More Phyllis McGinley, from her collection, A Pocketful of Wry (1940). This is a poem she wrote in response to a news item, which nowadays is nowhere to be found online. I can’t find any mention of the American Library Survey Report she mentions, which I suspect may have been an American Library Association report, in the thirties.

Address to the Younger Generation
by Phyllis McGinley

“Children want facts, not fiction, in their reading.” — Excerpt from
American Library Survey Report.

And is it truth you want, and doings factual?
Then from the shelves take down these volumes first.
Here are your heroes. These are real and actual.
These will assuage your thirst.

Turn from the spurious air your elders thrive in
To this more shrewd and honest atmosphere:
The literal world that Mowgli was alive in,
Where Robin slew the deer.

Your minds are tough, my loves, and with compliance
Can bear the truth. So see you get it learned,
How there are ghosts and dragons, yes, and giants,
And frogs to princes turned.

Learn about mermaids, winds among the willows,
Knights, gnomes and monsters; read of the shepherd boy
Who fled with Helen over the wine-dark billows
And brought the ships to Troy.

These are the verities, and you are able
To comprehend them. Leave your elders with
Their ever-changing scientific fable,
Their blind, Utopian myth.

Leave them their legends built on creeds and isms,
Allow them their political fairy tales,
Spun out of conquests, wars and cataclysms,
And not-too-holy Grails.

While you, enlightened tots, shall sip the chalice
Of perfect knowledge as your peers demand,
And keep thereby the sanity of Alice
Roaming in Wonderland.

For more poetry fun, Elaine Magliaro is hosting today’s Poetry Friday roundup at her blog, Wild Rose Reader.  Thanks, Elaine!

* * *
The calendar says Spring, but Mother Nature says not so fast. There is still a big white drift, curved like a frozen wave, just beneath the kitchen windowsill. And yesterday after lunch the boys set off on skis across the pasture and through the Hundred Acre Wood to their hideaway, the old trailer given to them by their uncle, to bring back 40 pounds of camping equipment (mostly pots and pans from the sounds coming from the basement), to “get it ready” for Spring camping. The boys in particular never seem satisfied with the season we’re in. They’re always looking ahead, to the next season and the next holiday. From their mother they seem to have inherited the idea that planning is at least half the fun.

The kids are busy putting the finishing touches on their poems, and rehearsing away with their songs and musical theater pieces. The music festival begins a week from Monday, and that is our  big day, with both speech arts and vocal, from 9 am to 9 pm.  Then we can rest until Wednesday, when Laura has one piano piece to play in the afternoon.  I still need to borrow one more umbrella, for the “Singin’ in the Rain” number, since one of ours does not have a curved handle and my young Gene Kelly is finding it hard to hang on to.  Next Friday, some of the crew from the kids’ play are coming over to film some segments that will be played in the background, so I’m supervising some extra spring cleaning and sorting out what to feed the hordes who will descend on us.
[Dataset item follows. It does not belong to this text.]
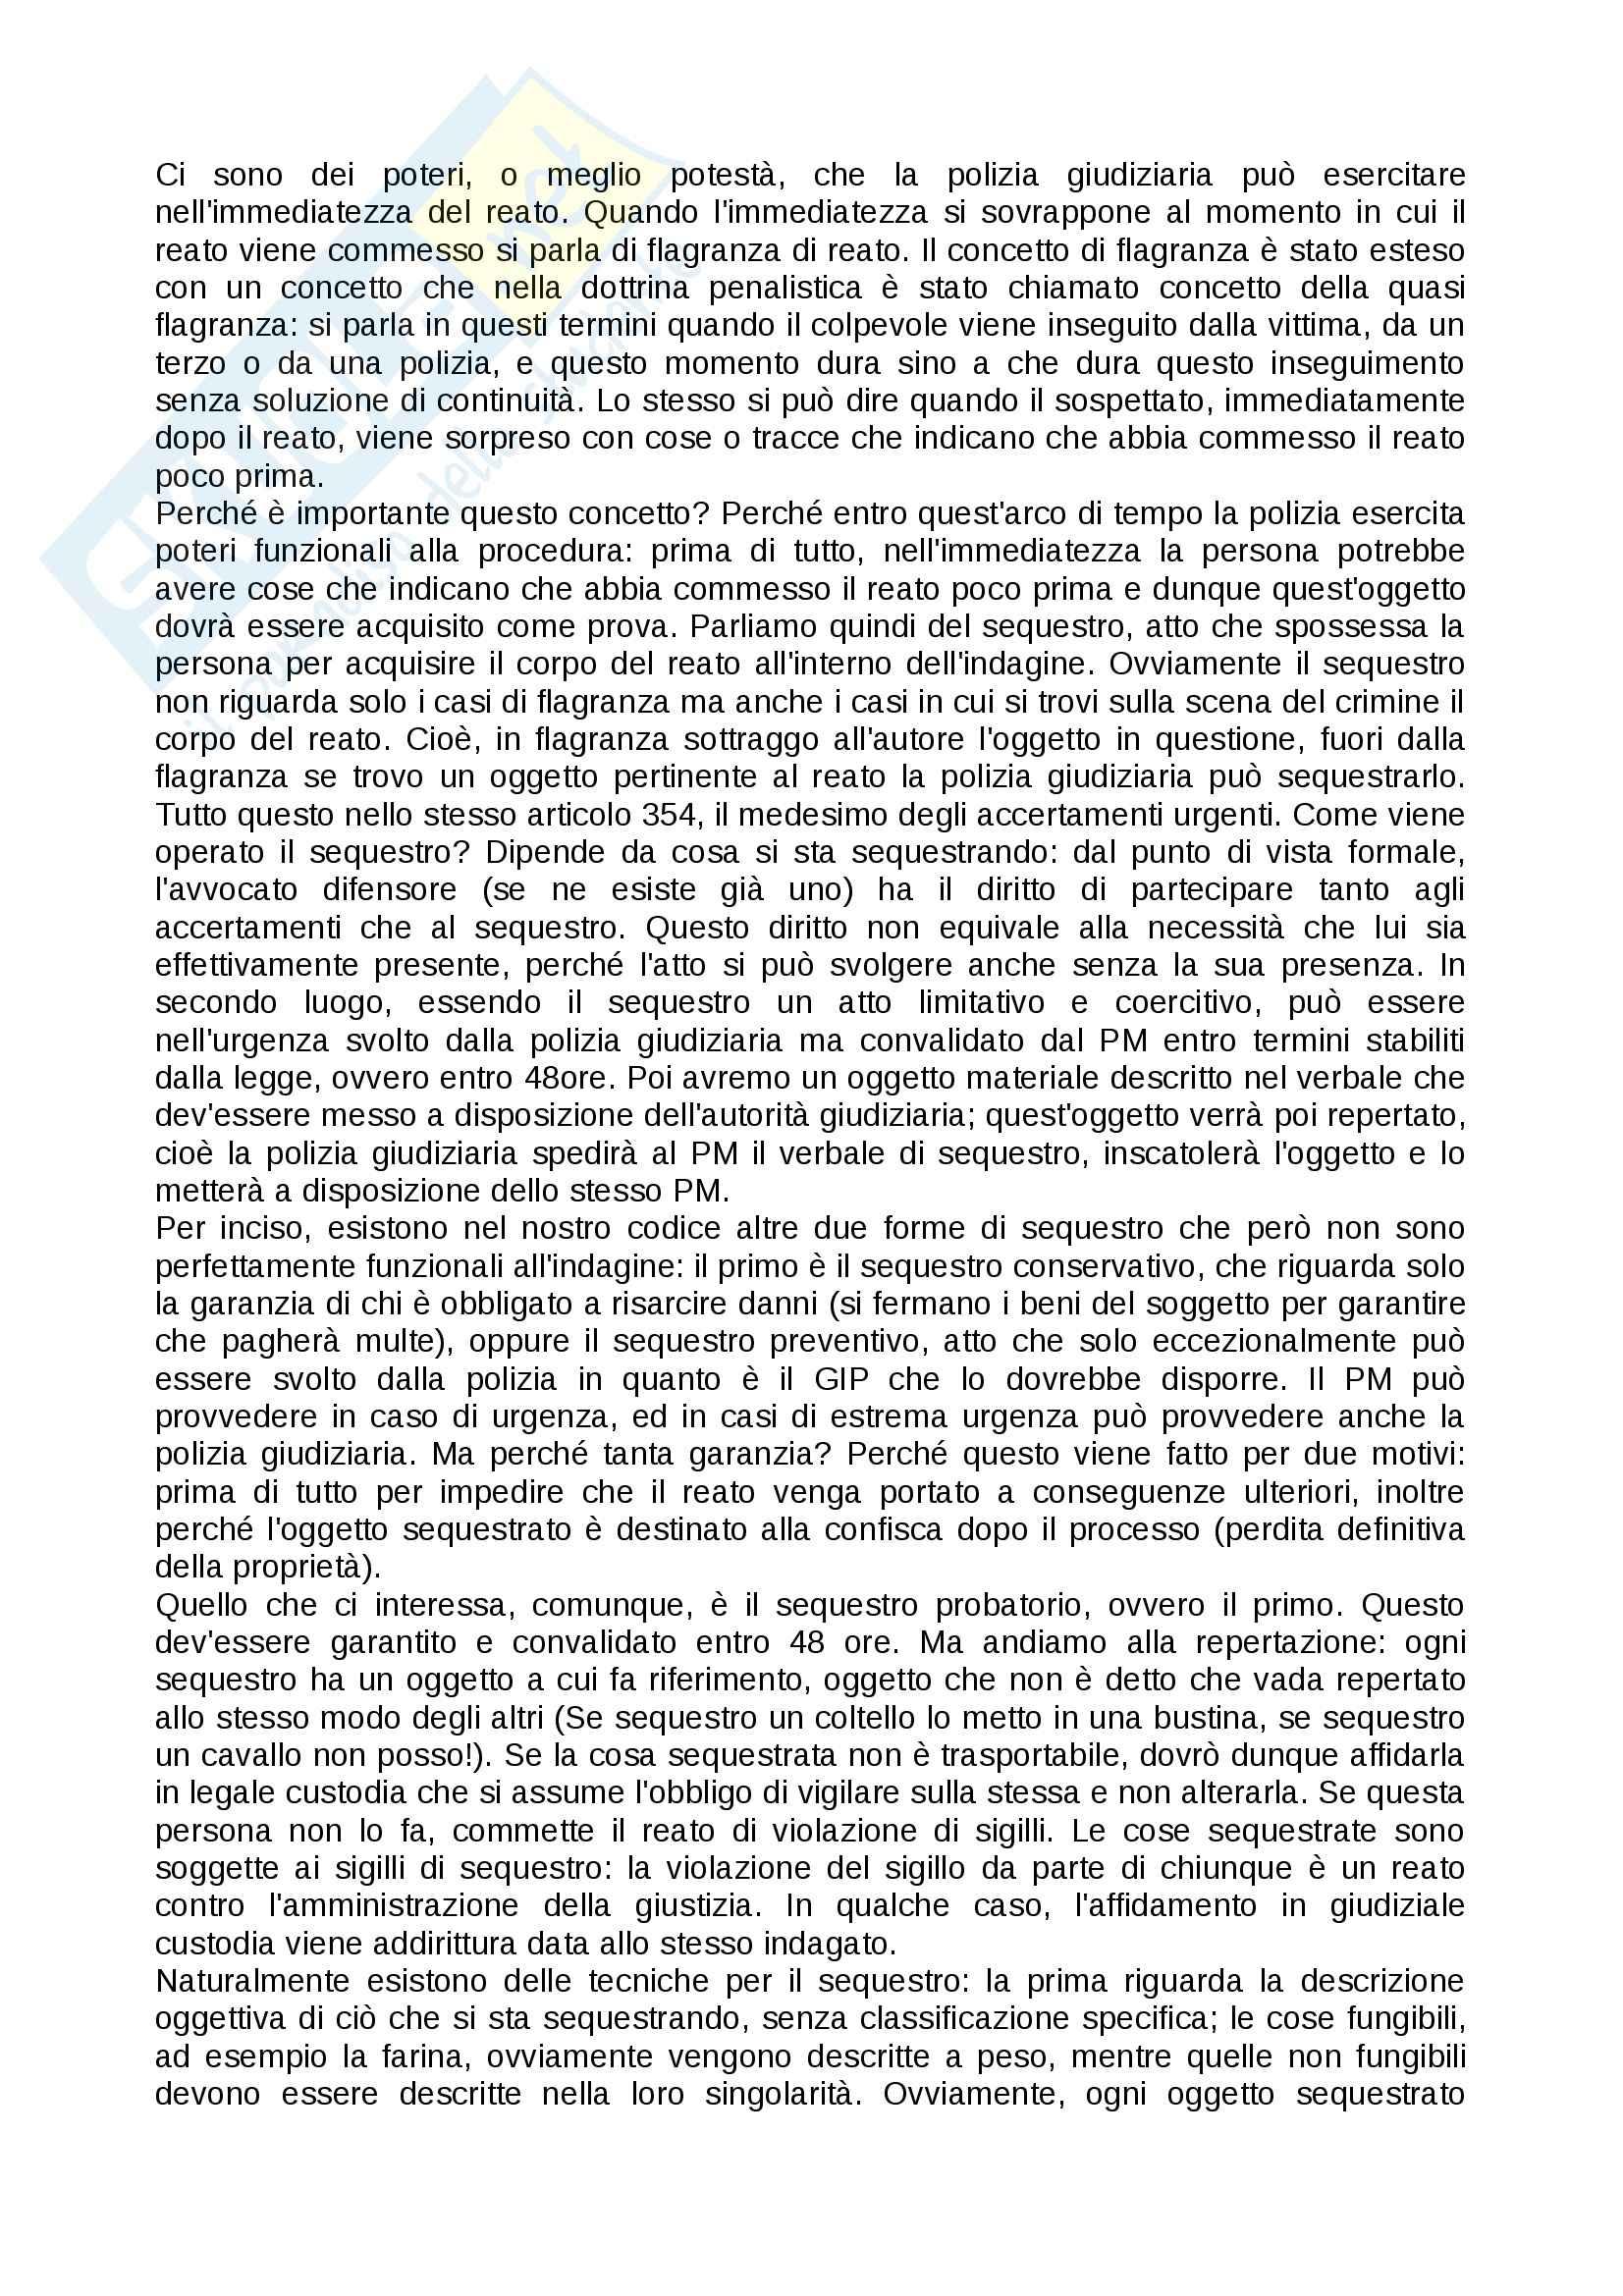 Tecniche investigative applicate - Appunti Pag. 21

Wednesday evening at our monthly naturalist club meeting we enjoyed a lively but dire presentation from a retired professor of wildlife biology on Alberta moose and winter ticks as well as on new, emerging diseases threatening various species of animals around the world, from white-nose syndrome in bats in the northeastern US, Tasmanian devil facial tumor disease, the chytrid fungus in amphibians around the world, the squirrel pox in the UK carried by interloping gray squirrels that is devastating the indigenous red squirrels (which I mentioned briefly and flippantly here), and one of the newest problems, lice in pelicans. On a happier note, we planned our nocturnal owl call survey, the visit to the local gravel pits in search of fossil-containing concretions, the trip to the sharp-tailed grouse dancing grounds (and sadly for me they dance at dawn, more than an hour away from here), and the thrilling snake hibernaculum tour.